Pour le jour 17 du calendrier, Caroline Laurent, éditrice et auteure, nous fait part de son immense coup de cœur à glisser sous le sapin.
Souvenirs de la marée basse de Chantal Thomas, Le Seuil, euros
Littérature pure.
« Un livre sur rien », aurait dit Flaubert.
Le portrait d’une femme qui nage. Des éclats d’enfance, comme un peu de soleil liquide qui vous enrobe, voluptueusement. Une mère qui redevient femme dans les mouvements précis du crawl, cette étrange percée des flots que rend possible le corps métamorphosé, soudain capable d’épouser les courants, les vagues, les arêtes liquides de l’eau. Il y a des chercheurs d’or. Jackie est une chercheuse d’onde. Nager est une autre manière de vivre. Vous voici, non pas face à vous-même, mais exactement en vous-même. À ce point de jonction magique où l’esprit et le corps fusionnent – ce que d’aucuns nomment : liberté.
« De même que Colette écrit de Sido, sa mère, qu’elle a deux visages : son visage de maison, triste, et son visage de jardin, radieux, ma mère a deux visages : son visage de maison, obscur, et son visage de natation, lumineux. » Jackie est une enfant éternelle ; pleine de paradoxes, de contradictions. Ouverte et joyeuse, elle peut se refermer dans la mélancolie la plus noire en un éclair, pareille à ces huîtres du bassin d’Arcachon constellant les plages au bord desquelles, de nombreuses années, vivra la famille. Jackie voudrait s’échapper, mais « la maison du 14, rue Nathaniel-Johnston referme les possibles, ne laisse subsister qu’une voie : celle d’épouse et de femme au foyer. » Et il faudrait faire semblant ? Se réjouir d’un quotidien tracé à la craie ? À sa fille, Jackie ne ment pas. « Elle est assise à la table du jardin, une pile de légumes devant elle. Elle porte un maillot deux-pièces à fleurs jaunes et un chapeau de toile. Je suis à côté, un livre sur mes genoux. ‘‘Tu peux te représenter une vie plus nulle ?’’, me dit-elle en sanglotant sur les oignons qu’elle est en train de peler. » Alors, la mer. La mer est son unique horizon. Sa plus belle invention, aussi.
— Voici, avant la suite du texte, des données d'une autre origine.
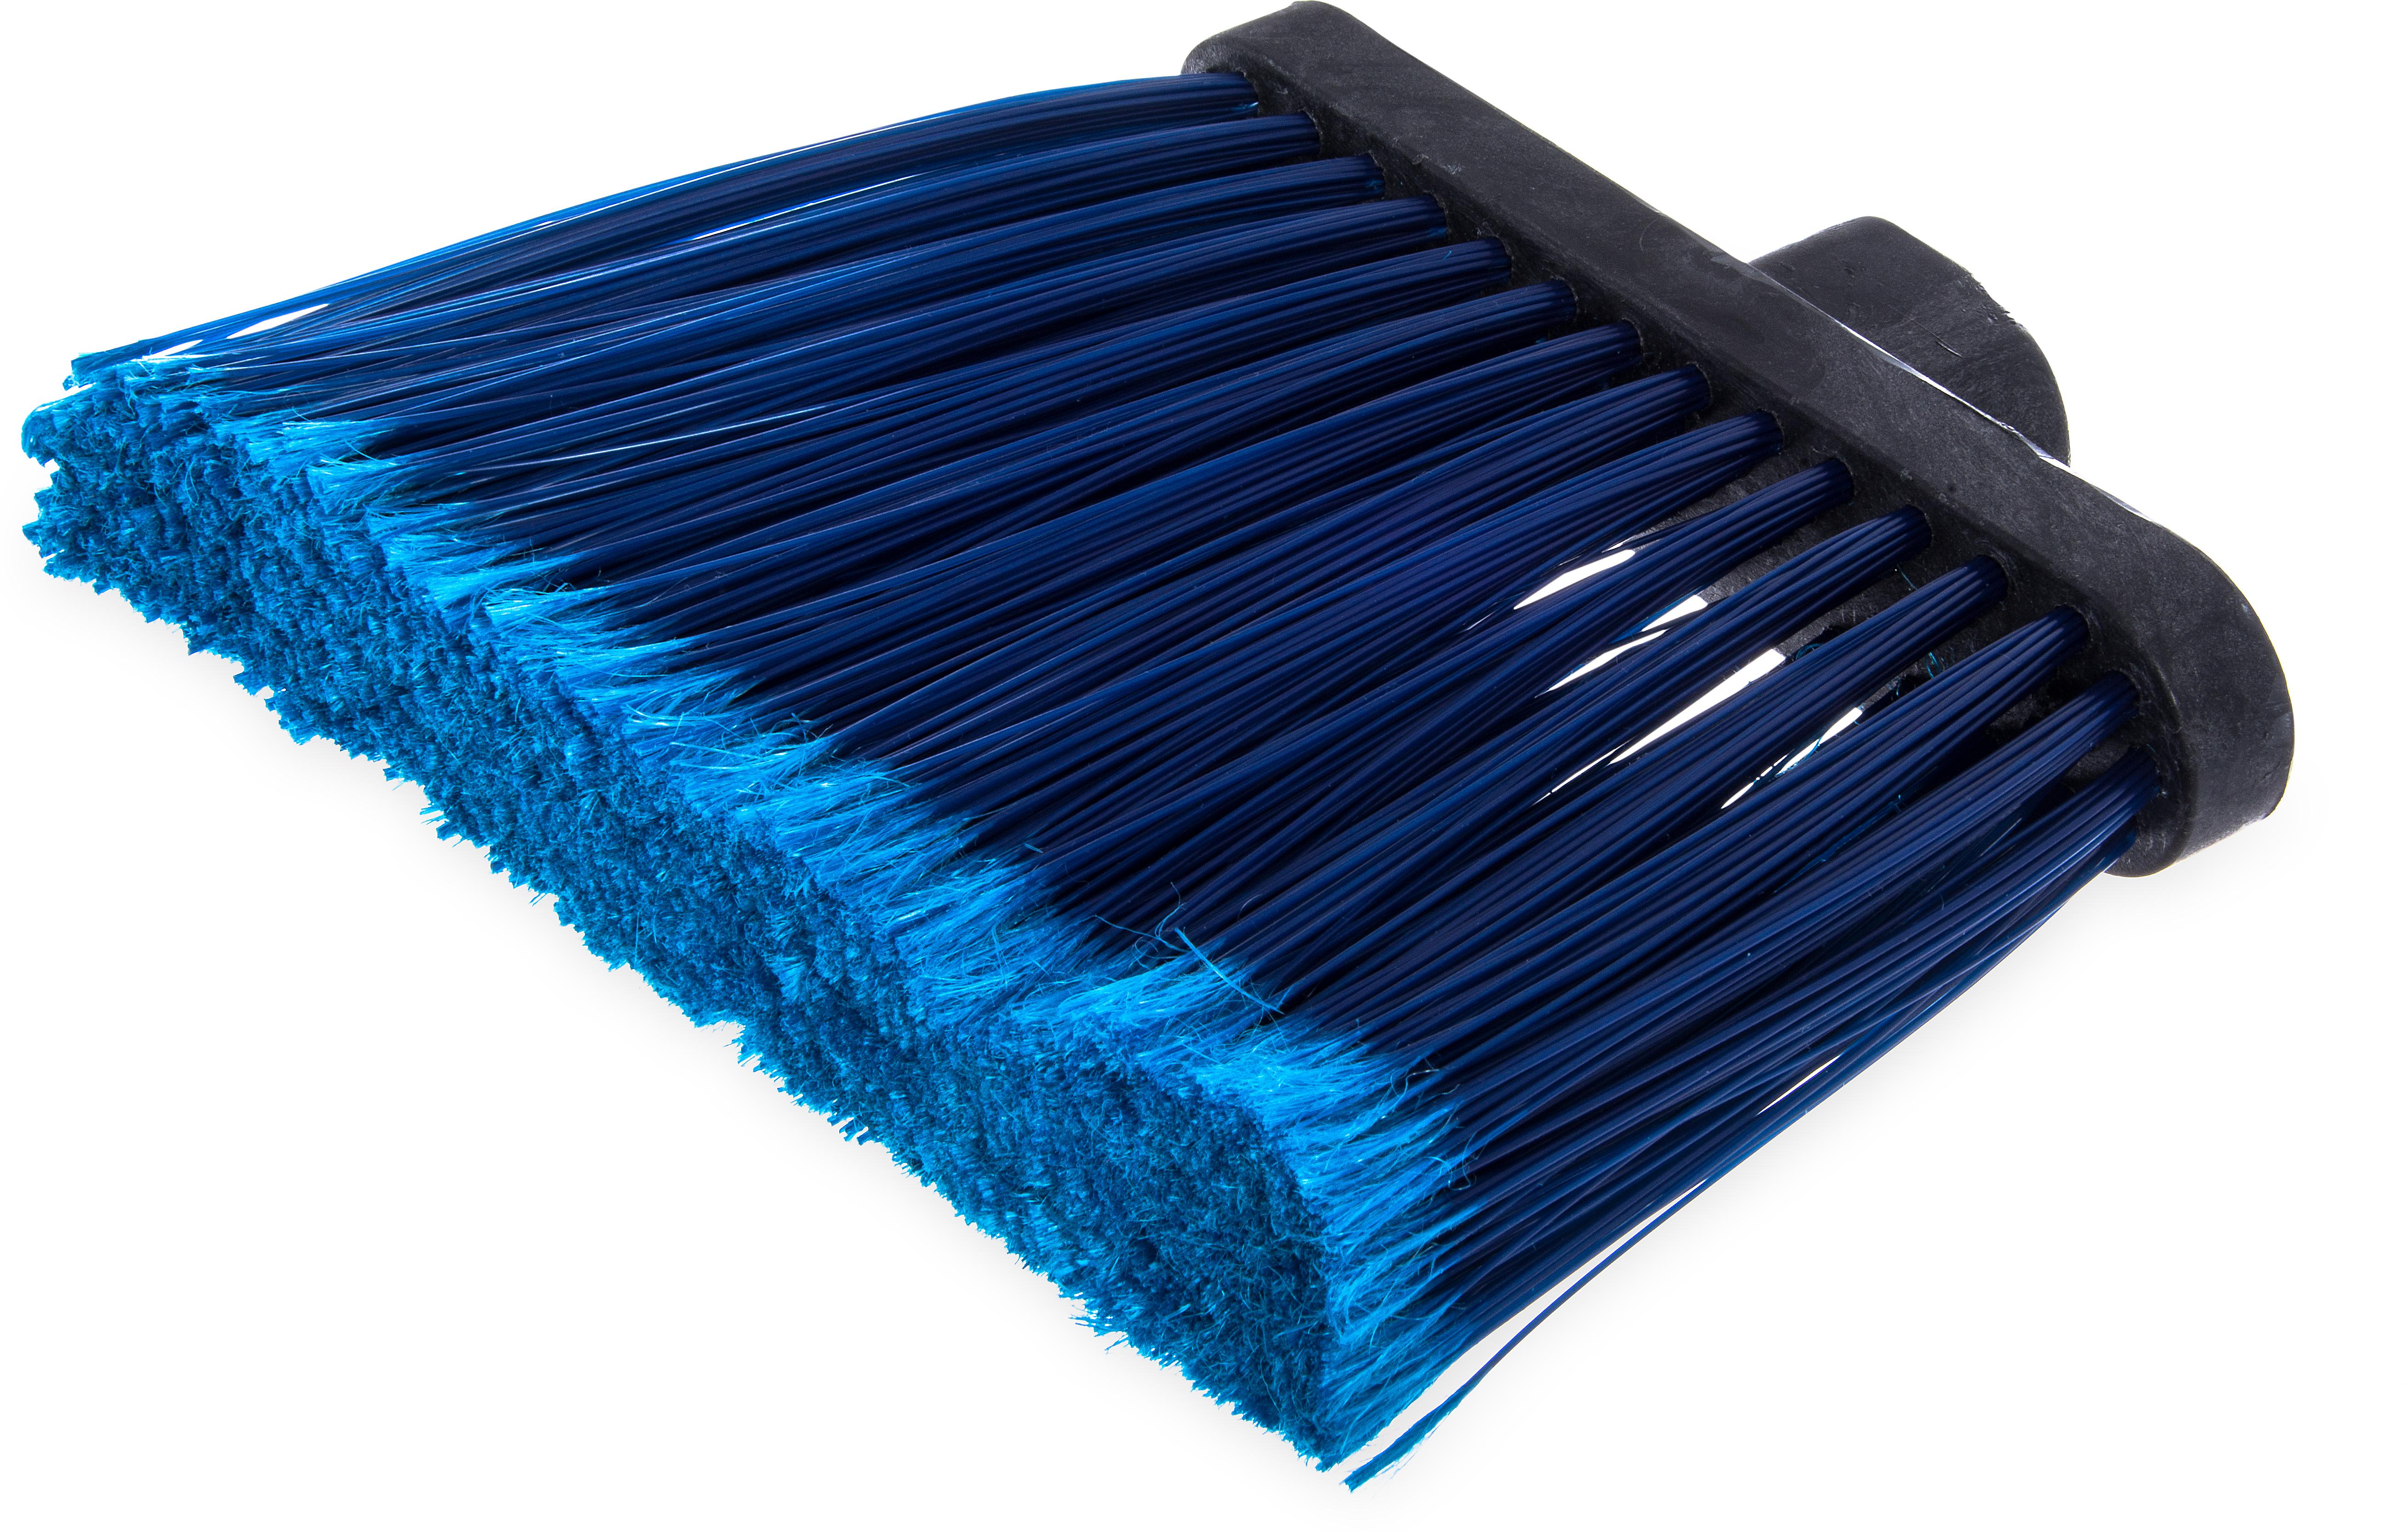 Carlisle 3686714 duo-sweep angle brooms

Un jour de juillet, des années plus tôt, la jeune Jackie se promène avec sa propre mère à Versailles. À l’époque, le Château est moins surveillé qu’aujourd’hui ; les touristes ne s’y pressent pas encore par grappes compactes ; et puis, il fait si chaud. La créature palmipède n’y résiste pas. Elle plonge dans le Grand Canal du Château et commence son « crawl élégant, admirablement scandé, rapide mais pas trop », oublie tout, « n’est sensible qu’au délice de l’eau contre sa peau, au vif de cette immersion qui, d’un coup, la revigore » ‒ Versailles-sur-Mer est né ! Jackie nage dans les eaux du Château de Louis XIV et devient, par la même occasion, une figure onirique, légendaire, intime, qui s’ajoute secrètement à celles que Chantal Thomas fait revivre dans ses romans historiques.
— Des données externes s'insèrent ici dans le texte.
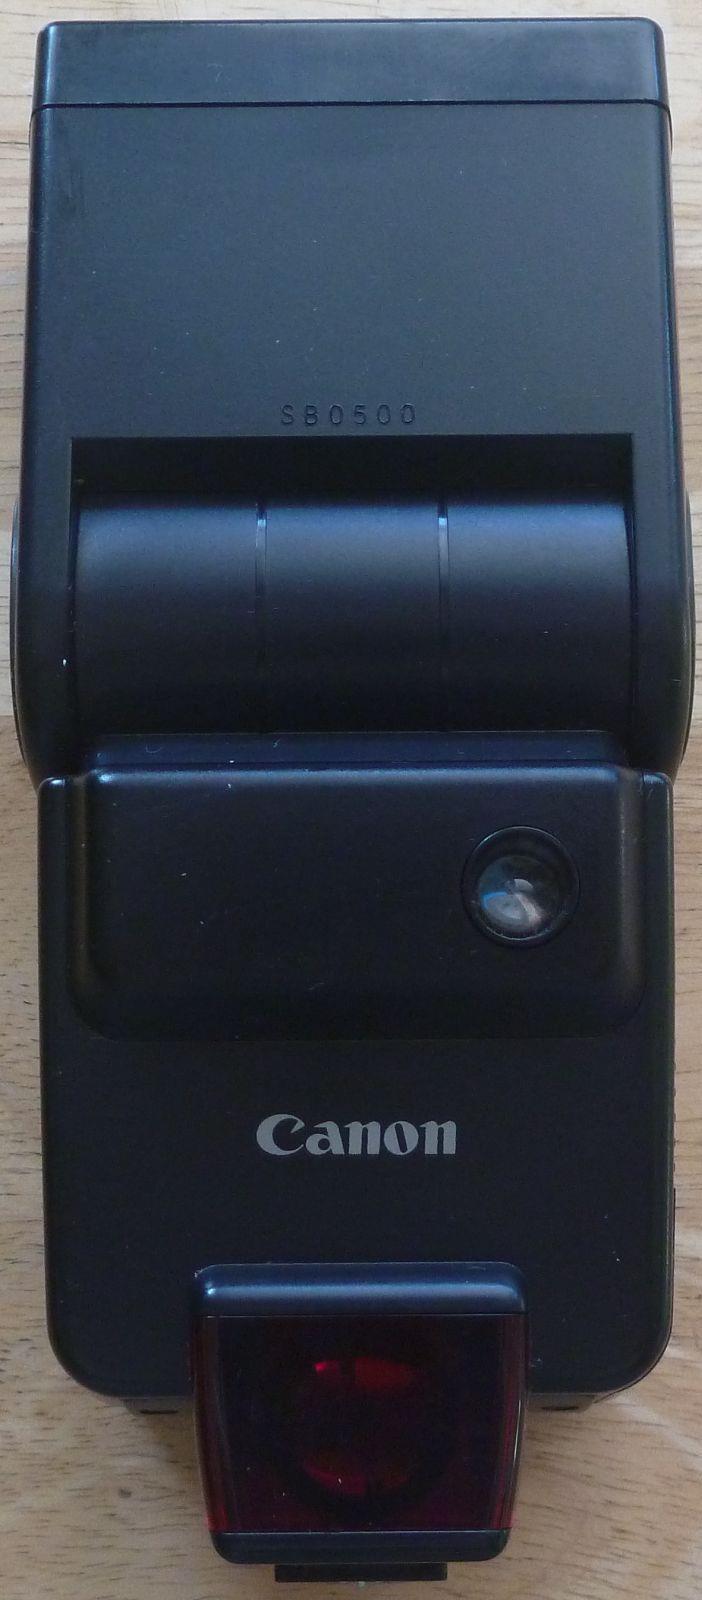 Canon Speedlite 420EZ Shoe Mount Flash for Canon. Tested. Good Condition.

L’écriture serait-elle une sœur jumelle de la nage ? Poser la question, c’est y répondre. Le rythme, la traversée de la matière, sa résistance parfois, la sensualité, l’ondoiement, l’effort, l’asphyxie, la noyade, les délices, la fusion, le bain des mots : définition possible de l’art d’écrire.
Souvenirs de la marée basse est une plongée somptueuse dans un monde que je reconnais mien et que vous reconnaîtrez vôtre. Ce livre vibre du scintillement du présent, celui que les enfants connaissent d’éternité et que les adultes n’en finissent pas de regretter. L’eau a fripé nos doigts, nos corps sont gelés, mais qu’importe, il faudrait rester sur cette plage pour toujours, rire follement, se baigner et nager pour toujours. « Demain n’existe pas. Enfants bleus de froid, nous voulons la morsure cruelle du présent. »
En savoir plus sur Caroline Laurent ?
Caroline Laurent est éditrice et auteure, elle signe un premier roman magnifique « Et soudain, la liberté » co écrit avec Evelyne Pisier. Il signe sans aucun doute, la naissance d’un écrivain sur lequel il faudrait compter ces prochaines années.